Nevertheless, Councillor Stuart Parsons, who represents Richmond and is the Independents group leader at the county council, said the financial performance of the Baths was worrying and predicted the council’s attempts to generate income in new ways would “end in tears”. He said:

“There’s always that belief in local government that they have expertise and can deliver anything but they are experts at delivering services rather than property projects.”

He said the council had been “absolutely strapped for cash by central government for 11 years” and was being encouraged by ministers to find new sources of income to “shore up shortfalls”. But he added:

“We have seen a number of councils fail because they have taken on projects like renewable energy and are unable to deliver them.

“They will try their hardest in North Yorkshire but they don’t have the necessary expertise to drive things forward. This will be one of the black marks against the Conservative government. It will end in tears.

“Councils should not be trading. They should be providing services, not building houses or power plants. If they had kept the £9m it could have been used to help people in desperate need in social care.”

Cllr Parsons added it was concerning that major spending decisions involving taxpayers’ money were being made on the basis of such inaccurate forecasts.

“If they are basing their finances on estimates that are unsound then something seriously needs to change.”

North Yorkshire County Council offices in Northallerton.

Councillor Gareth Dadd, deputy leader of the Conservatives on the county council, has been one of the key supporters of the Baths investment.

The Stray Ferret sent him some questions but he did not reply.

‘Better than treasury returns’

A council spokesman said it received legal advice and a surveyor’s report and undertook comparative market analysis to support the business case and necessary due diligence before buying the lease on the Baths from M&G Property Portfolio.

He added the investment “continues to stand up against the alternative investment opportunities where cash returns amounted to an average return of 0.19% p.a. at Quarter 2 21/22”.

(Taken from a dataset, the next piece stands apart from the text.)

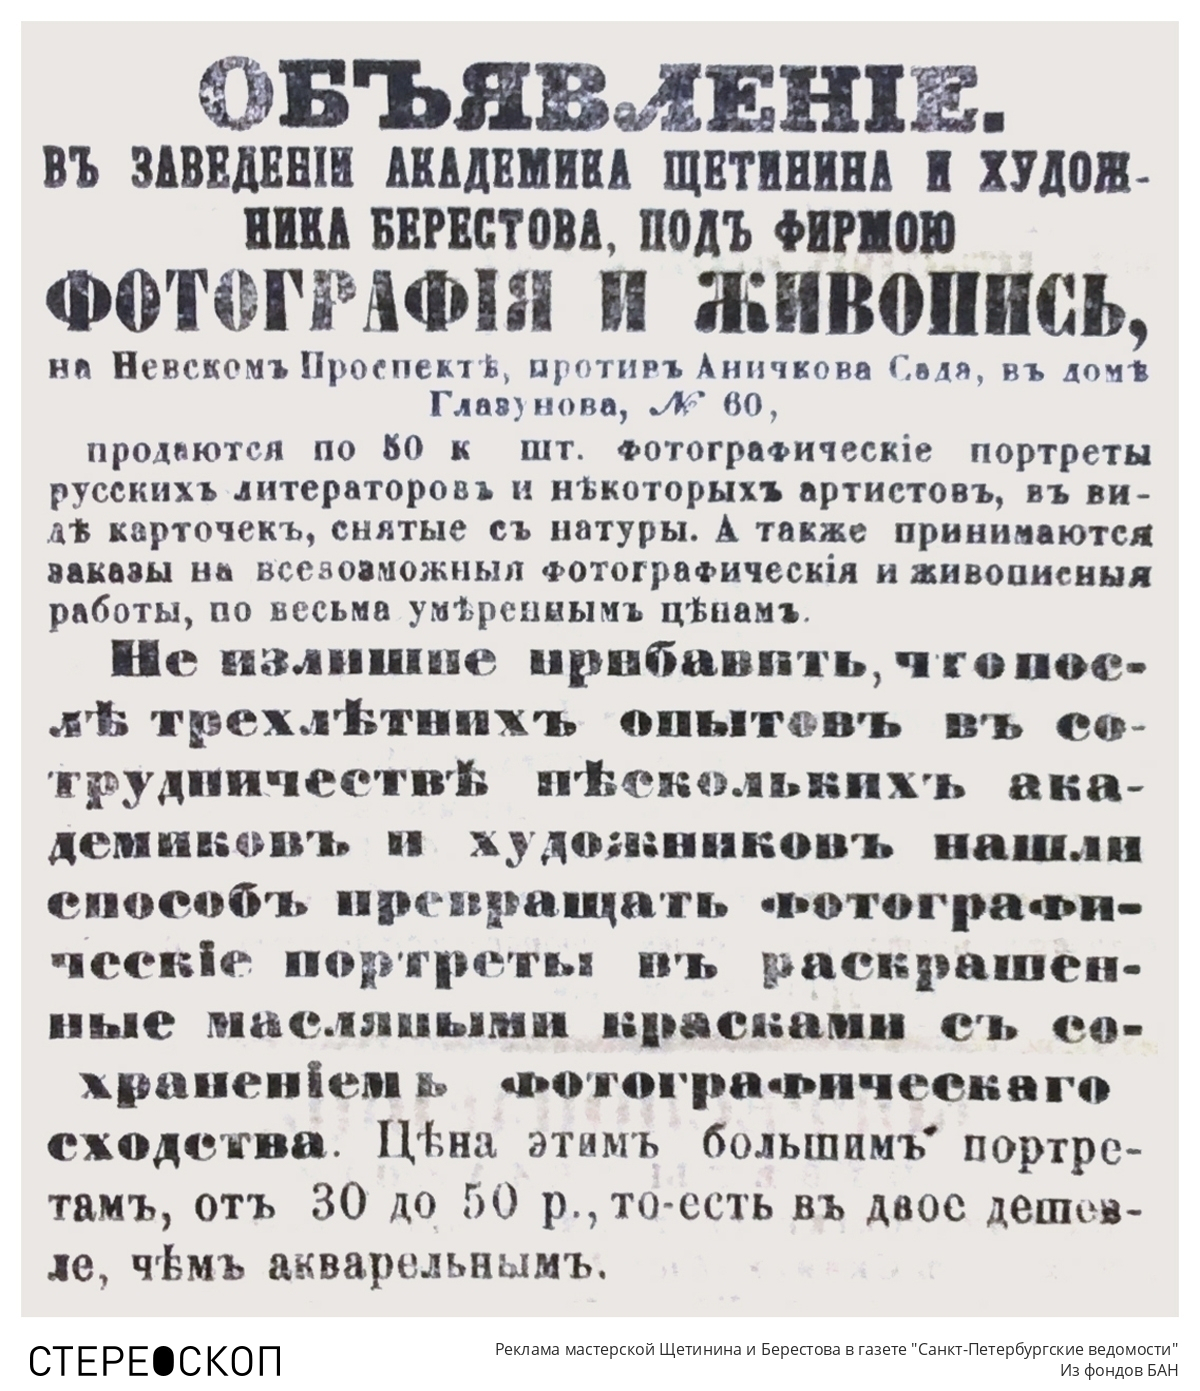 Реклама мастерской Щетинина и Берестова в газете "Санкт-Петербургские ведомости"

Gross income received to the end of 20/21 was £613,000 and standard treasury returns would have generated £152,000, the spokesman added, and therefore the investment “has realised £461,000 of additional benefit to the council and its taxpayer when compared to our standard treasury returns”.

He added covid and lockdowns had had a significant impact since the Baths were bought in 2018.

“Our tenants, in the hospitality sector, have been significantly impacted by the pandemic with extended periods of enforced closure during 2020 and 2021. We are working with them to reach reasonable terms on recovery of arrears where possible.

“National regulations in force until late March 2022 prevent us from evicting tenants that have fallen into arrears as a result of covid.

“All retail and hospitality suffered significant periods of closure and financial challenge throughout the pandemic. The Harrogate Royal Baths is a local asset and we remain confident that Harrogate and the Royal Baths itself will recover from the pandemic and continue to contribute to the Harrogate and North Yorkshire local economy.

Besides the four commercial units, the purchase of the Baths also included two further units held on long-leases by Harrogate Borough Council at a peppercorn rent occupied by the tourist information centre and the Turkish Baths, as well as two car parks similarly let on long leases at nominal rents.

The council set up the Brierley Group of firms, ranging from house builders to lawyers, in 2017 to bring together council-owned companies and find new ways of making money. However, last year it reported a loss of £639,000.

Further losses are forecast for the current financial year.

The council warned last month it faces “enormous financial pressures” and needed to find £19 million in savings.